*** RAW DATA Section Begins ***

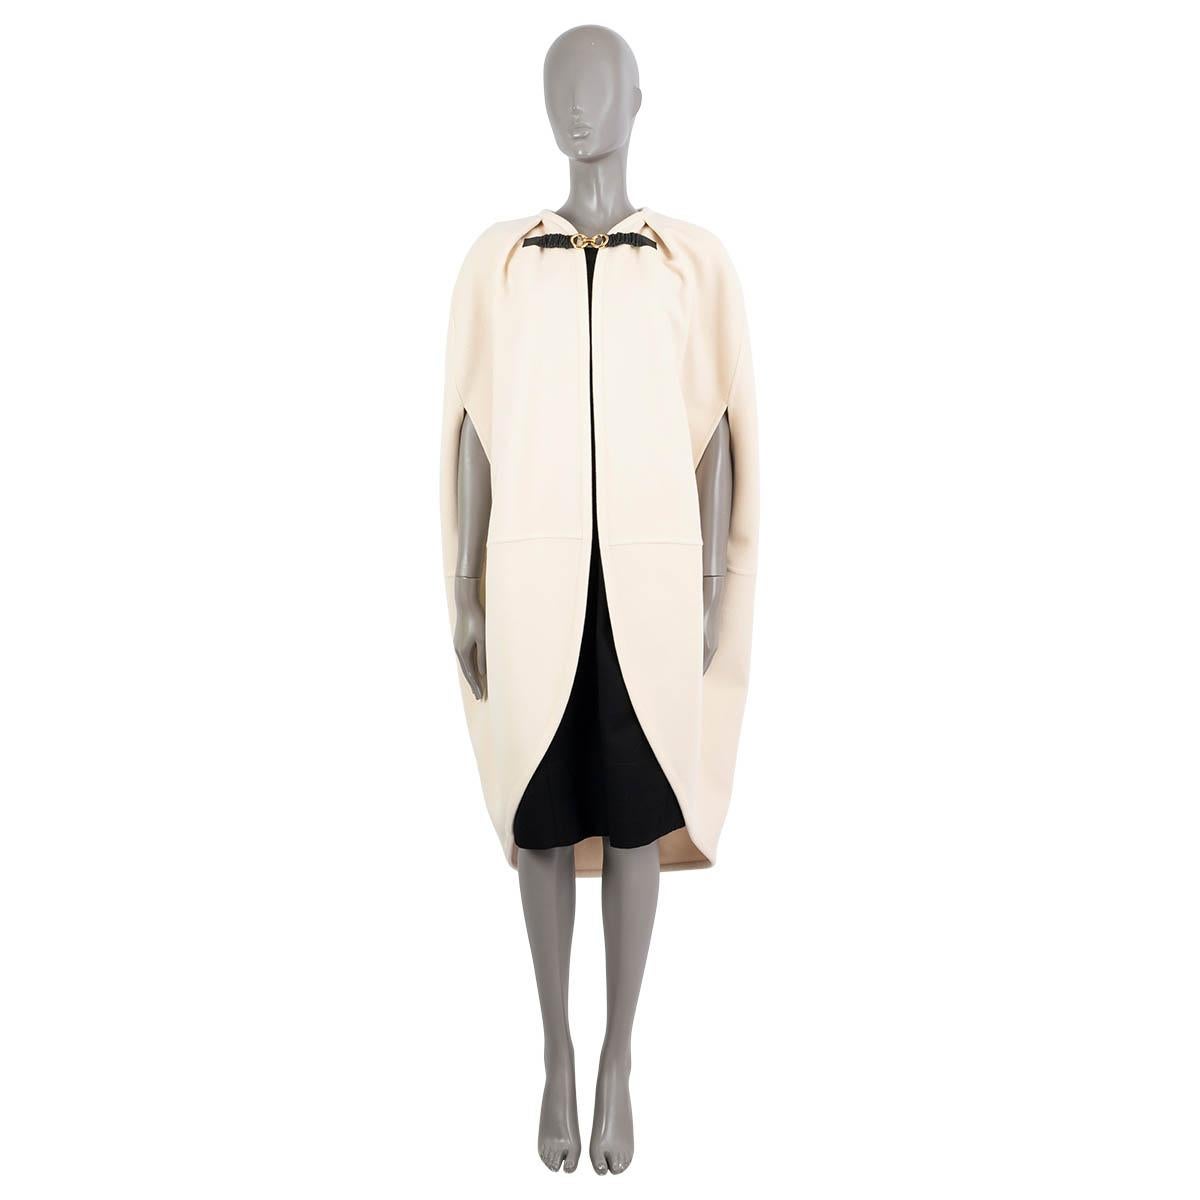 100% authentic Jil Sander cape in ivory cashmere (100%). Features as pleat detail on the front and back. Closes with a gold buckle and black leather band on the neck. Unlined. Has been carried and comes with tag.

2021 Fall/Winter

Measurements
Tag

*** RAW DATA Section Ends ***

Pictures aside, repeat every line of the data above exactly.

 100% authentic Jil Sander cape in ivory cashmere (100%). Features as pleat detail on the front and back. Closes with a gold buckle and black leather band on the neck. Unlined. Has been carried and comes with tag.

2021 Fall/Winter

Measurements
Tag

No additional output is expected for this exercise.